Fabricio Núñez

Personal information
- Full name: Fabricio Damián Núñez Lozano
- Date of birth: November 4, 1985 (age 39)
- Place of birth: Mercedes, Uruguay
- Height: 1.75 m (5 ft 9 in)
- Position(s): Striker

Senior career*
- Years: Team / Apps / (Gls)
- 2006–2008: River Plate (Uruguay) / 53 / (13)
- 2009–2010: Cerro Largo / 29 / (16)
- 2010–2011: Godoy Cruz / 15 / (2)
- 2011–2012: Unión de Santa Fe / 15 / (0)
- 2012–2013: Defensa y Justicia / 5 / (0)
- 2013–2014: Cerro Largo / 30 / (7)
- 2014–2015: CA Cerro / 12 / (1)
- 2015–2016: Fuerza Amarilla / 31 / (3)
- 2016: Club Oriental / 13 / (4)
- 2016–2017: El Tanque Sisley / 30 / (8)
- 2017: Luftëtari / 4 / (0)

= Fabricio Núñez =

Uruguayan footballer (born 1985)

Fabricio Damián Núñez Lozano (born November 4, 1985), known as Fabricio Núñez, is a Uruguayan footballer.
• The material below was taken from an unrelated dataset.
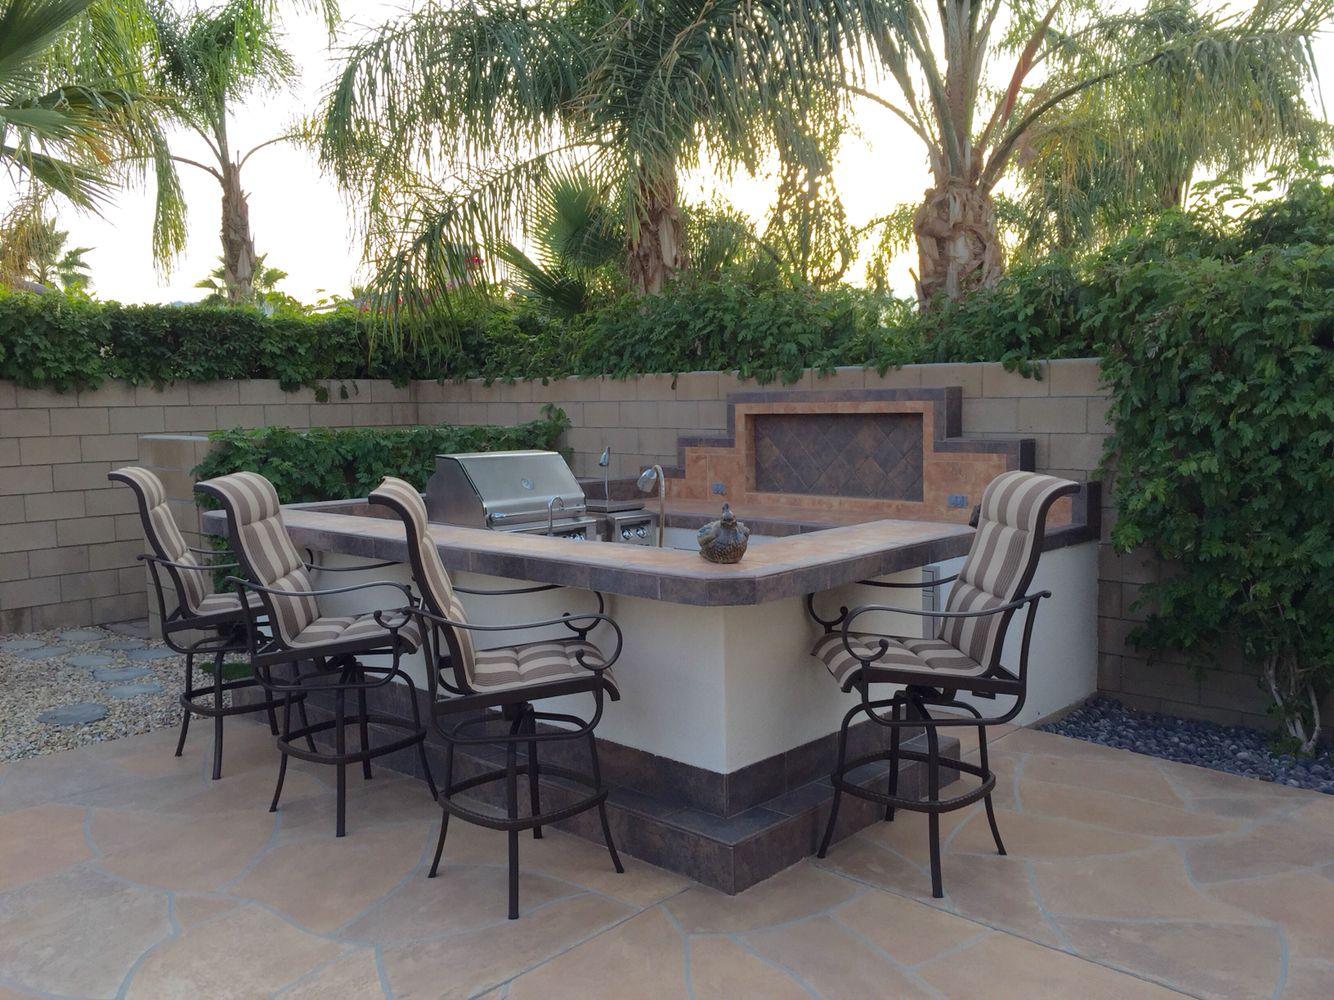 Outdoor kitchen outdoor kitchen pool designs outdoor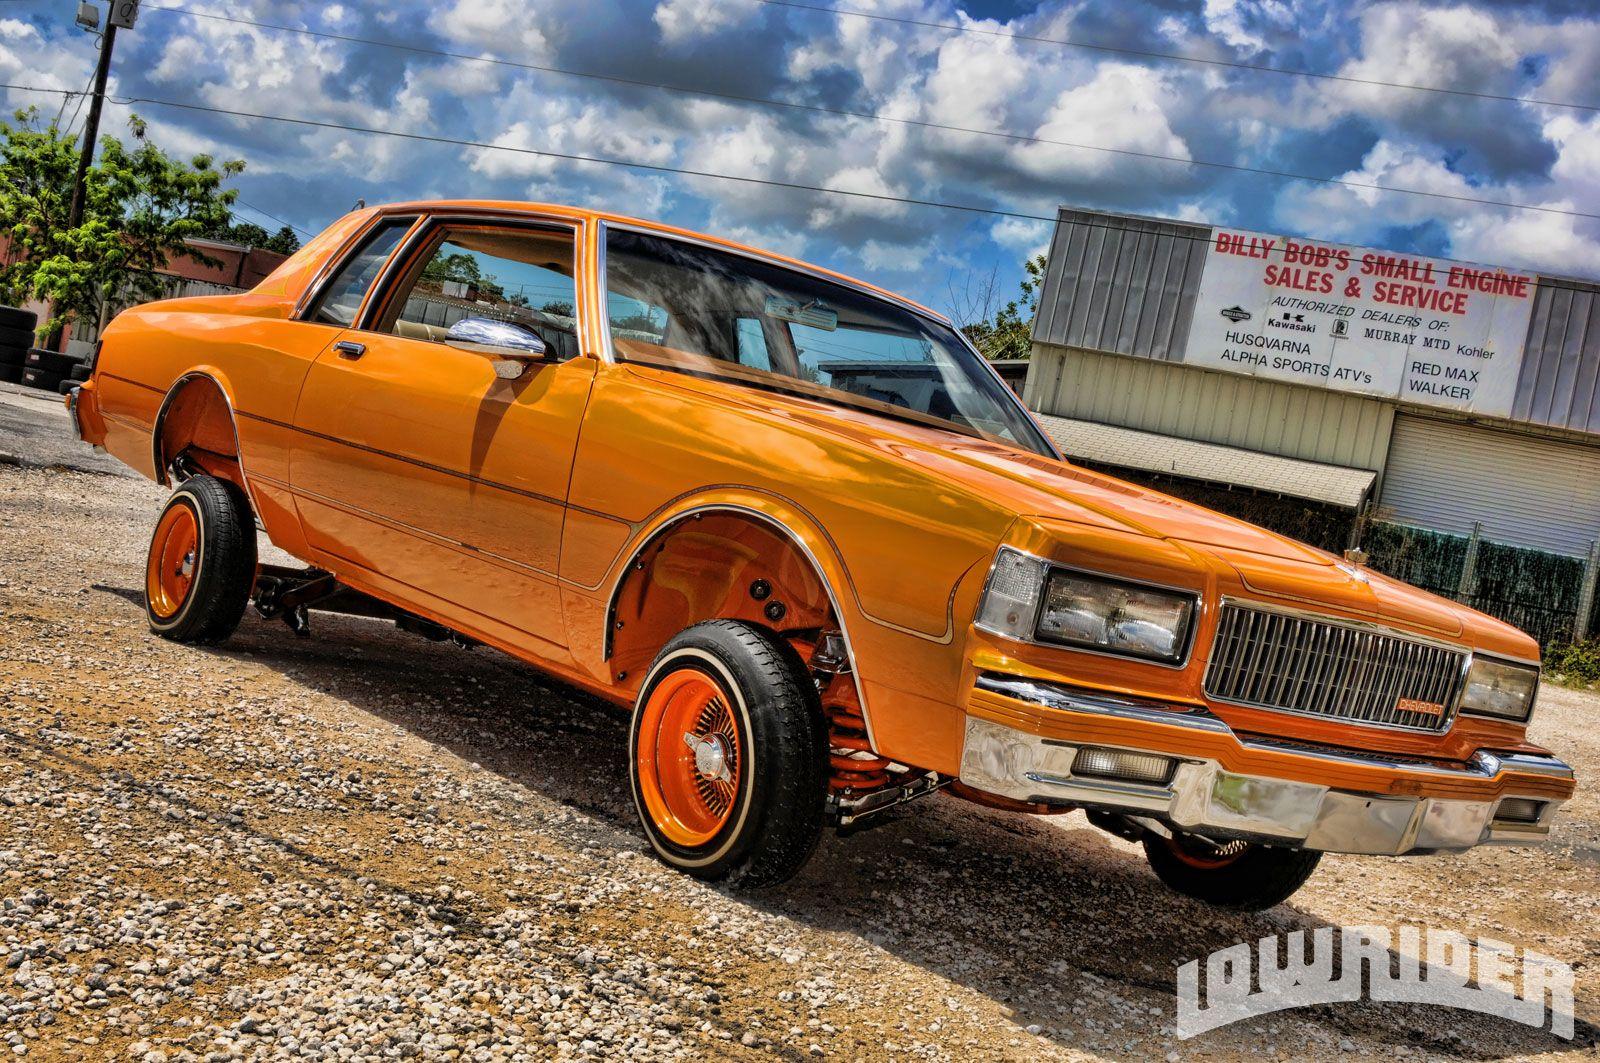 All Chevy chevy caprice 1985 : Orange 1985 Caprice Lowrider | Chevrolet Box Wheelzz | Pinterest ...

He last played for Luftëtari Gjirokastër.

==Career==

After four years of professional football in Uruguay (playing for River Plate and Cerro Largo), Núñez joined Argentine Primera División side Godoy Cruz for the 2010–11 season. In June 2011 he joined Unión de Santa Fe for the 2011–12 season.